33 bulunmuştur. Bu bileşiklerin kantitatif limitleri Kandesartan sileksetil ve M1 için 3 ng/mL, Losartan için 16ng/mL, Irbesartan ve Valsartan için 50 ng/mL değerlerinde olduğu üzere bunlar plazma konsantrasyon değerlerinden tayin edilebilir. Tedavi amacıyla ARA II bileşiklerini kullanan hiper tansiyon hastalarından elde edilen plazma örneklerinden bu maddelerin tespiti için bu yöntem başarıyla kullanılmıştır.

Literatür taraması sonucunda, ARA II bileşikleriyle özellikle metabolik öneme sahip bazı metaller arasında oluşturulan komplekslerin spektroflorimetrik yöntemle incelenmesi konusunda bir çalışmaya rastlanmamıştır

34

4. MATERYAL VE YÖNTEM

Sartanlar türü (valsartan ve losartan) antibiyotiklerin saf suda veya metanolde florimetrik parametrelerinin belirlenmesi amaçlanmıştır. Florimetrik parametrelerin belirlenmesi için saf suda losartan ve metanolde valsartan uygun derişimlerdeki çözeltileri hazırlanarak, uyarma dalga boyları 10’ar nm aralıklarla değiştirilip emisyon spektrumları alınarak ve her bir sartanın, her bir çözücüde maksimum floresans şiddetine sahip oldukları uyarma ve emisyon dalga boyları belirlenmiştir. Daha sonra vücuttaki pek çok metabolik reaksiyonda önemli rol oynayan demir (II) ve bakır(II) ile sartanlardan oluşturulan komplekslerin çözücü ortamlarında kompleks oluşturacağı en uygun koşullar tayin edilmiştir. Bu amaçla pH, çözücü ortamı, kompleks oluşum süresi, sartan konsantrasyonu ve sıcaklık koşulları incelenmiş, çözelti ortamında oluşturulan kompleksin, belirlenen en uygun koşullar altında, uyarma ve emisyon spektrumları alınarak en yüksek floresans şiddetine sahip olduğu uyarma ve emisyon dalga boyları tesbit edilmiştir. Ayrıca sartan-metal komplekslerinin stokiyometrileri de en uygun koşullar altında spektrofotometrik olarak tayin edilmiştir.

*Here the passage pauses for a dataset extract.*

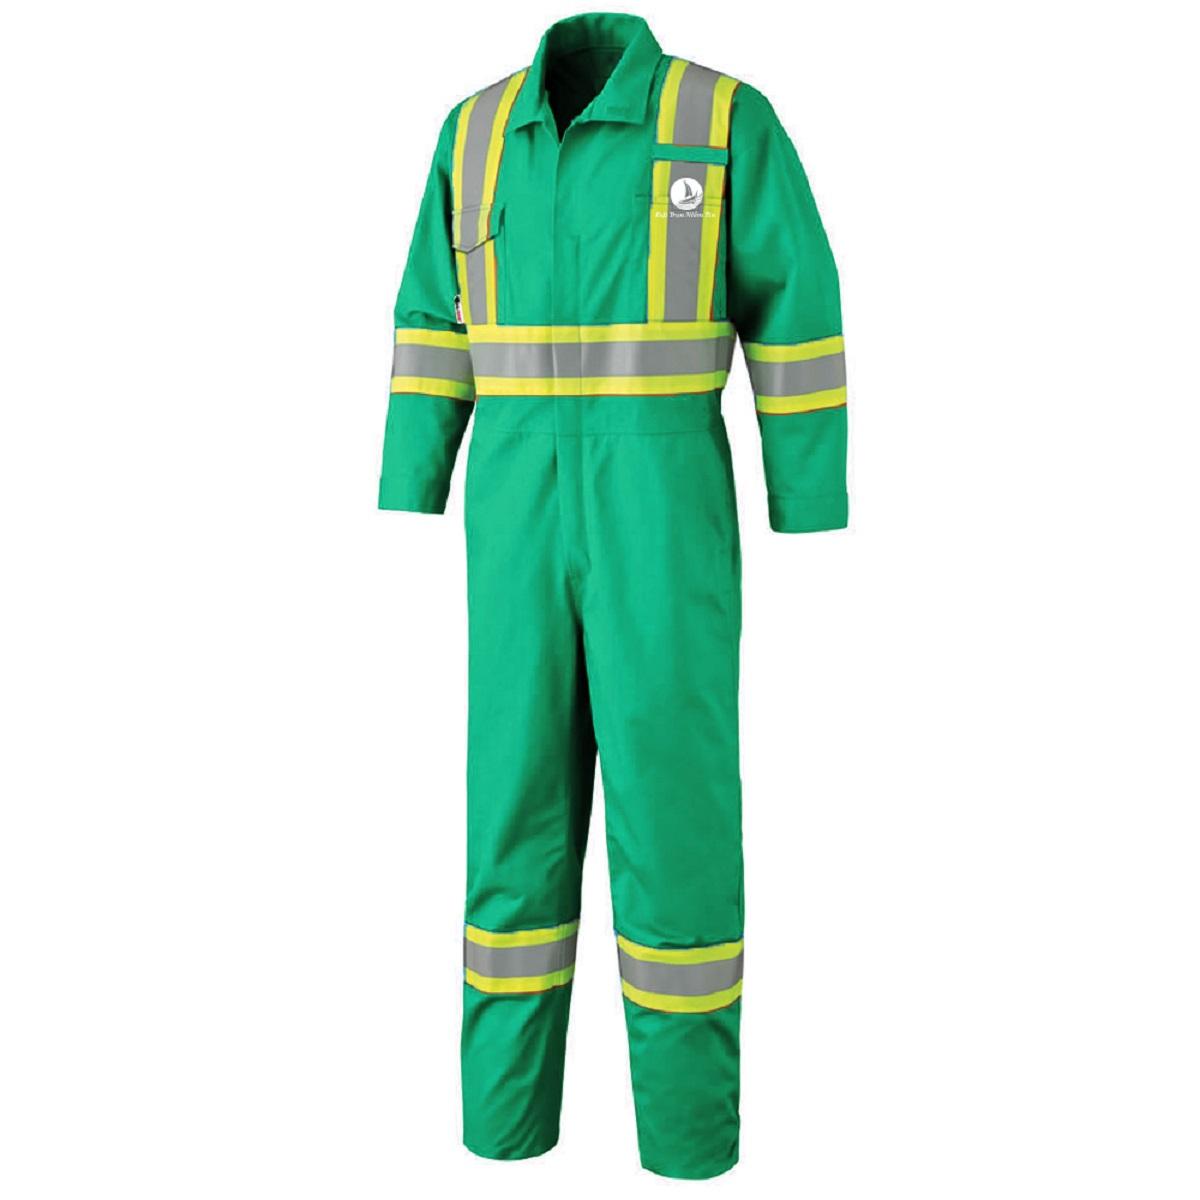 Mẫu đồng phục áo liền quần bảo hộ mã BO-ALQ02 – Xanh Lá

Aynı zamanda, belirlenen en uygun koşullarda çalışılan metallerin kalibrasyon eğrileri çizilerek geliştirilecek yöntemin doğrusal tayin aralığı, gözlenebilme ve alt tayin sınırları belirlenmiştir. Çalışma kapsamında yabancı iyonların etkisi de incelenmiştir.

Geliştirilen florimetrik söndürme yöntemi, sartan türü tansiyon ilaçları ile vitamin-mineral kombinasyonu ilaçlarda bulunan demir ve bakırın etkileşimlerinin incelenmesinde uygulanmıştır.

4.1. Kullanılan Cihazlar

4.1.1. Spektroflorimetre

Bu çalışmada floresans ölçümleri PERKIN ELMER LS/55 marka spektroflorimetre ile yapıldı. Uyarma ve emisyon monokromotorlarının slit aralığı valsartan için 10-5 nm losartan için 10-10 olarak ayarlandı ve tüm ölçümler bu aralıkta yapıldı. Optik uzunluğu 1 cm olan kuvars bir küvet kullanıldı.

35

4.1.2. Spektrofotometre

Kompleks stokiyometrisinin job metodu ile tayininde AGİLENT 8453 marka spektrofotometre kullanıldı.

4.1.3. pH metre

Maddeler ACCULAB ATILON marka hassas terazi kullanılarak tartıldı. Deney çözeltilerinin pH’larını ayarlamak amacıyla METTLER TOLEDO marka pH-metre ve aynı marka kombine cam-pH elektrodu kullanıldı. pH-metrenin kalibrasyonu, Merck firmasından temin edilen pH 4, pH 7 ve pH 10 tampon çözeltileri kullanılarak yapıldı.

4.1.4. Saf su cihazı, su banyosu ve ısıtıcı:

Çözeltileri hazırlamak için kullanılan ultra saf su Pure Lab Option-Q ELGA DV25 marka ultra saf su cihazdan elde edildi. Sıcaklığı 25ºC’de sabit tutabilmek için

WiseCircu marka sirkülasyonlu su banyosu ve çözeltiyi karıştırmak için ULTRASONIC LC/30H marka su banyosu kullanıldı.